There is much work still at be done at Sissinghurst. The opening salvo of the garden, the Top Courtyard, in particular still exhibits a certain stiffness. But Scott Smith is deliberately moving slowly and carefully, aware that you cannot rush a transformation such as this.

Garden designer Dan Pearson is now working alongside him as a consultant, visiting a few times a year and acting as a sounding board and collaborator.

The proposed vision will emerge over a period of at least a decade, though already the changes are decisively affecting the atmosphere. For example, Scott Smith has increased the rose content of the garden by 40 per cent, and there are many other explicit changes in the offing.

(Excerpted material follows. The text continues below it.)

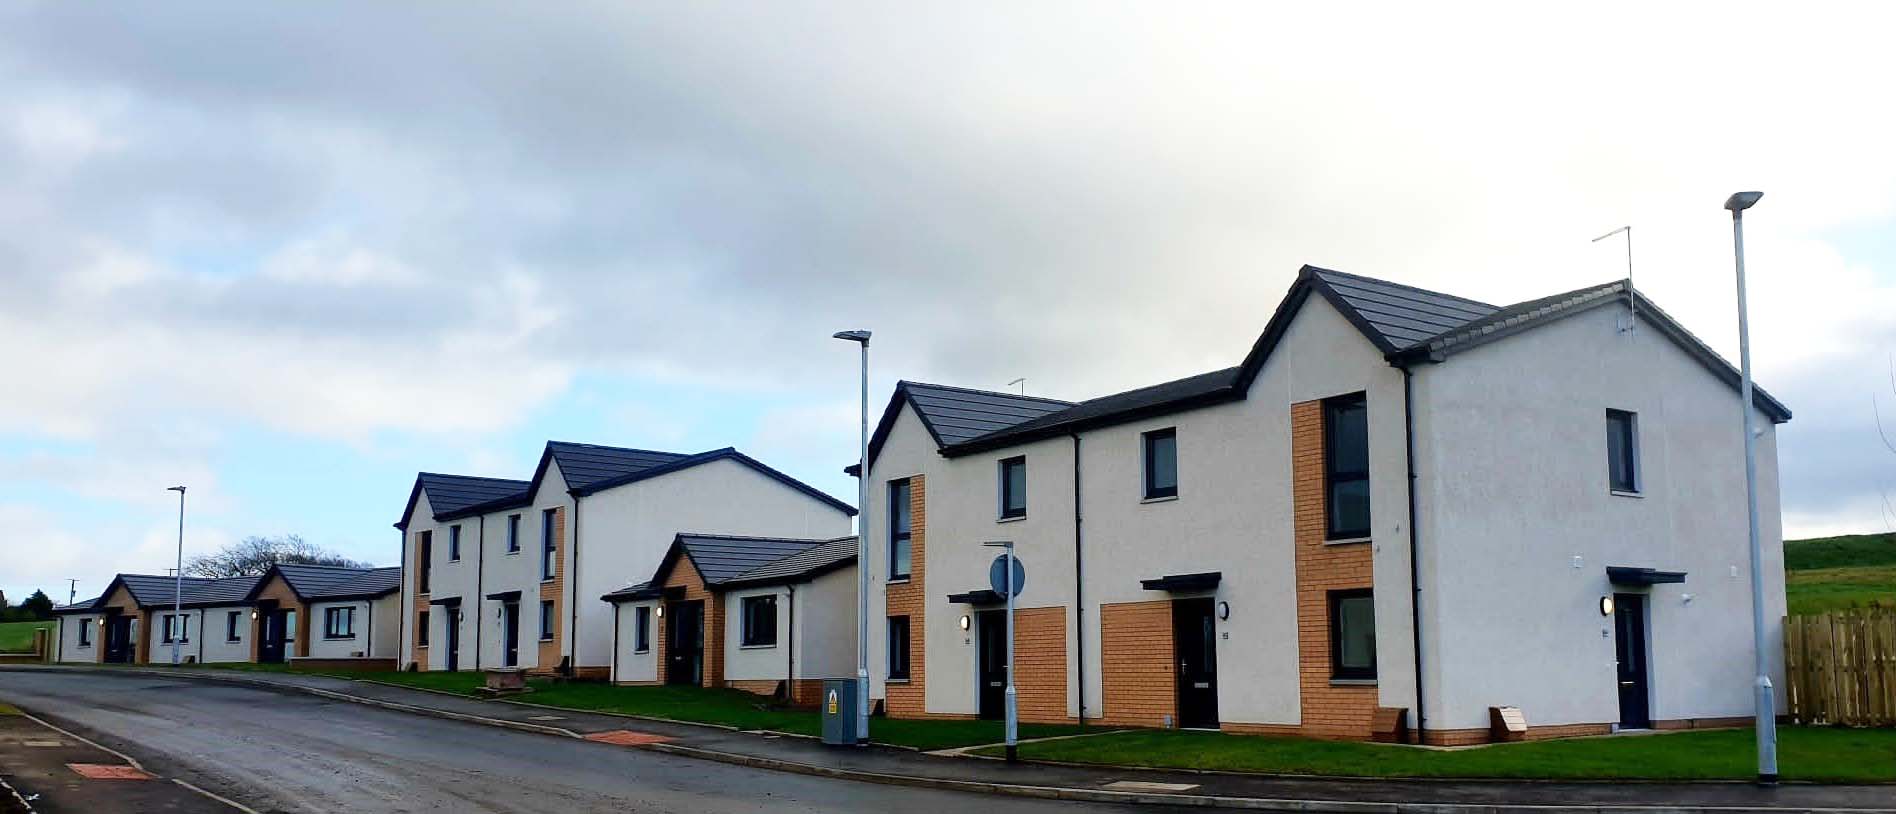 Black’s Blog: The challenges and opportunities of modular housebuilding

At risk of inspiring another green-ink letter, may I suggest that something of Vita is finally being brought back to Sissinghurst?

Proposed changes

  1. White Garden Reorganisation of the box hedge system and replanting of parts of the garden to extend the seasonal interest. Inclusion of some non-white flowers in accordance with Vita’s original plan for “grey, green and white”.
  2. Rose Garden Re-laying of brick paths and reinstatement of grass in some places. A return to planting that is “rich, lavish, generous, fragrant, optimistic and romantic”, including every rose known to have been grown by Vita. Add taller companion plants including lilies, remove some ornamental grasses such as stipa and pennisetum.
  3. Top Courtyard More seating. Looser shape to the clipped yews.
  4. Purple border More flowering plants climbing on the walls. Daisies in the lawn?
  5. Lower Courtyard Bulking up of the box hedges so that they are stronger and thicker.
  6. Orchard Persevere with mown grass paths despite wear and tear. Gradual move towards a flower-meadow feel in the sward. More roses and honeysuckle in the trees. Possible removal of amelanchiers.
  7. Lime Walk Artificial weathering of the recently replaced pots. Gradual reduction of crocus to allow more complexity.
  8. Route from car park To come within the gardeners’ domain, so that visitors have a sense they have arrived at a special place from the moment they park their cars.